Being a productive writer means you have to wear a lot of little hats. Writer, editor, world builder, outliner, proofreader, graphic designer, etc.

If there is one lesson I’ve learned over the last year to being a productive writer, it’s to prioritize new content over anything else every day. Editing is of course important, but you can’t edit what you don’t have created. Plus, many authors, me included, are partial or full-on pantsers, or authors who write by the seat of their pants.

In fact, I would say that pansters need to ensure they are writing new content more than those that outline extensively, since many of our plot twits and character developments aren’t known until the story is written. Many times these scenes require extensive rewriting, or we might even throw away large chunks of the story to be re-written once we realize where the story is truly going.

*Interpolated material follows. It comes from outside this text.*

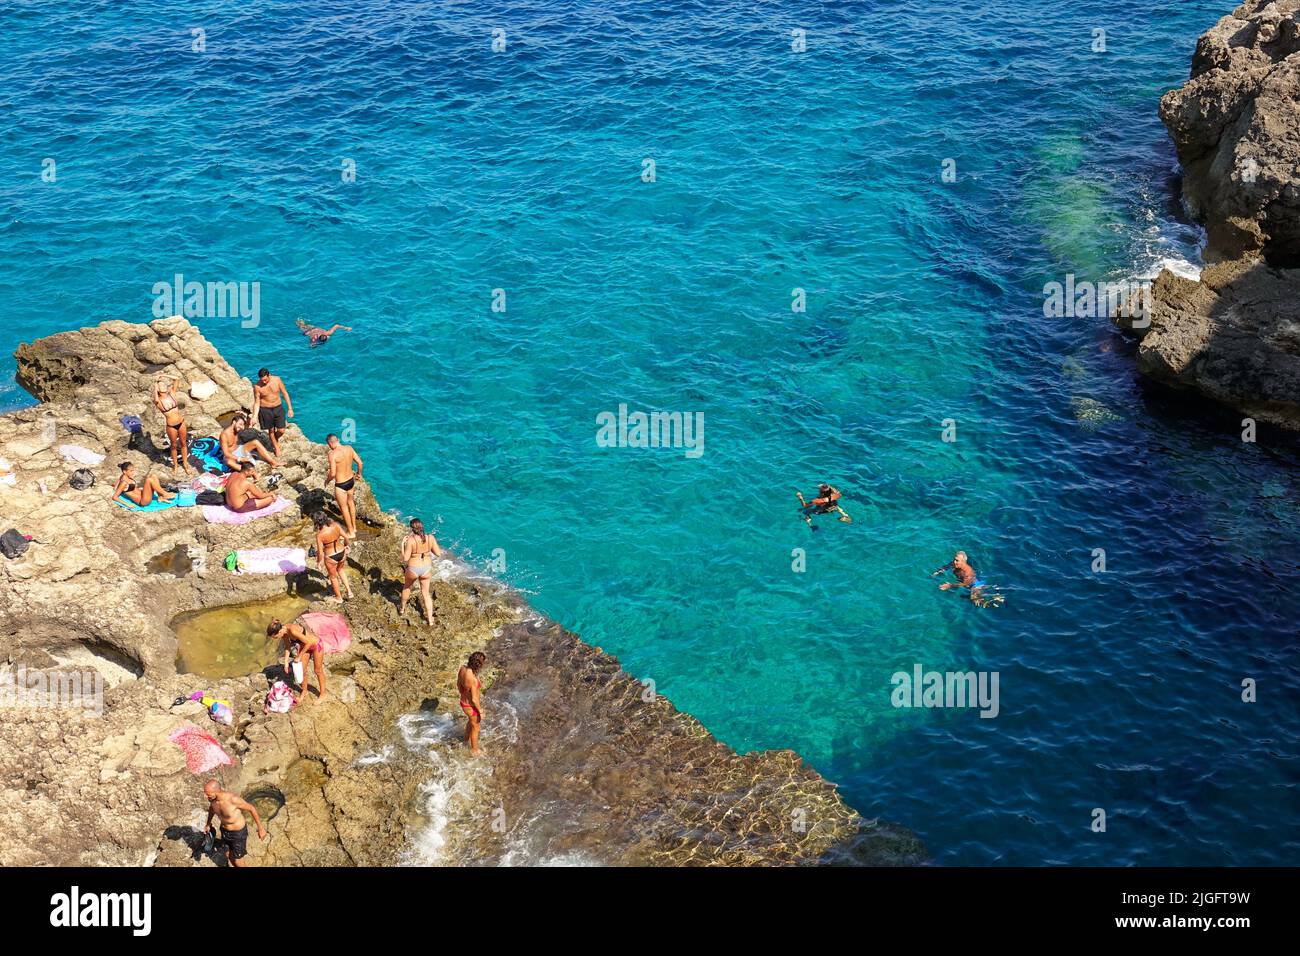 Vista de la costa de la isla de Lampedusa paraíso marino para yates y nadadores. Lampedusa, Italia - Agosto de 2019 Foto de stock
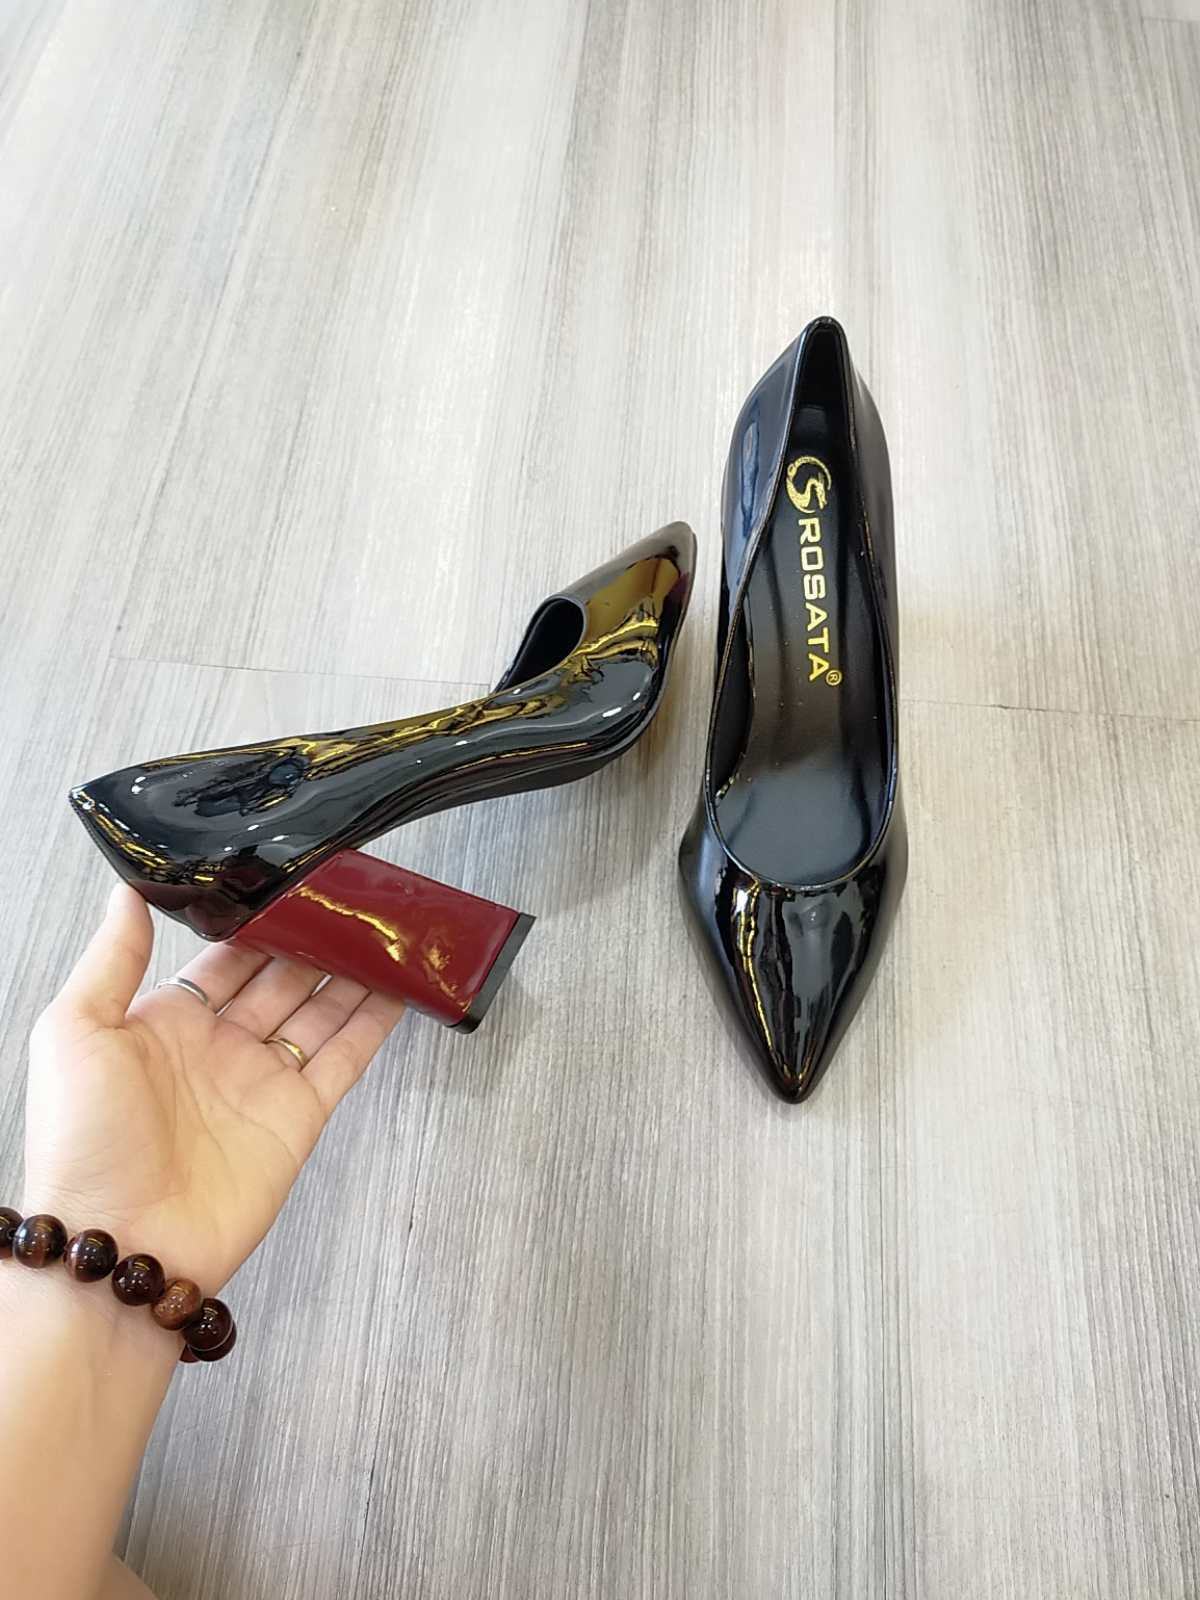 Giày cao gót nữ nghịch màu cao cấp ROSATA RO125 7p gót vuông - HÀNG VIỆT NAM - BKSTORE

Not making it a daily habit to write new content everyday has been the #1 regret for my writing career for the last few years. Had I stuck to that simple habit, I’d be putting out 365,000 words a year, or a million words every three years. Even if I throw half of those words away, that’s easily 2-3 books worth of editable content that could be published, plus handfuls of short stories, novellas, and other things to giveaway to newsletter subscribers, anthologies, or put up on blogs for promotional material.

It’s so important, that when I came up with this (duh) realization a couple months ago, I stopped all other activities to ensure that this habit was followed, and so far, I have.

I look forward to doing my end of the year or mid-year review next year and saying how I have been writing for half a year, or a full year, non-stop, 7 days a week, 365 days a year. That’s a lot of words, and hopefully, the books to back that production up.

So take it from me, a man who’s been trying to become an author for a number of years, and is slowly, hard-heatedly, learning things the correct way after lots of trial, error, and mistakes. Write each day. Don’t market, edit, or even check email till you have your words done. Do this, and you’ll set yourself up better than most to be successful.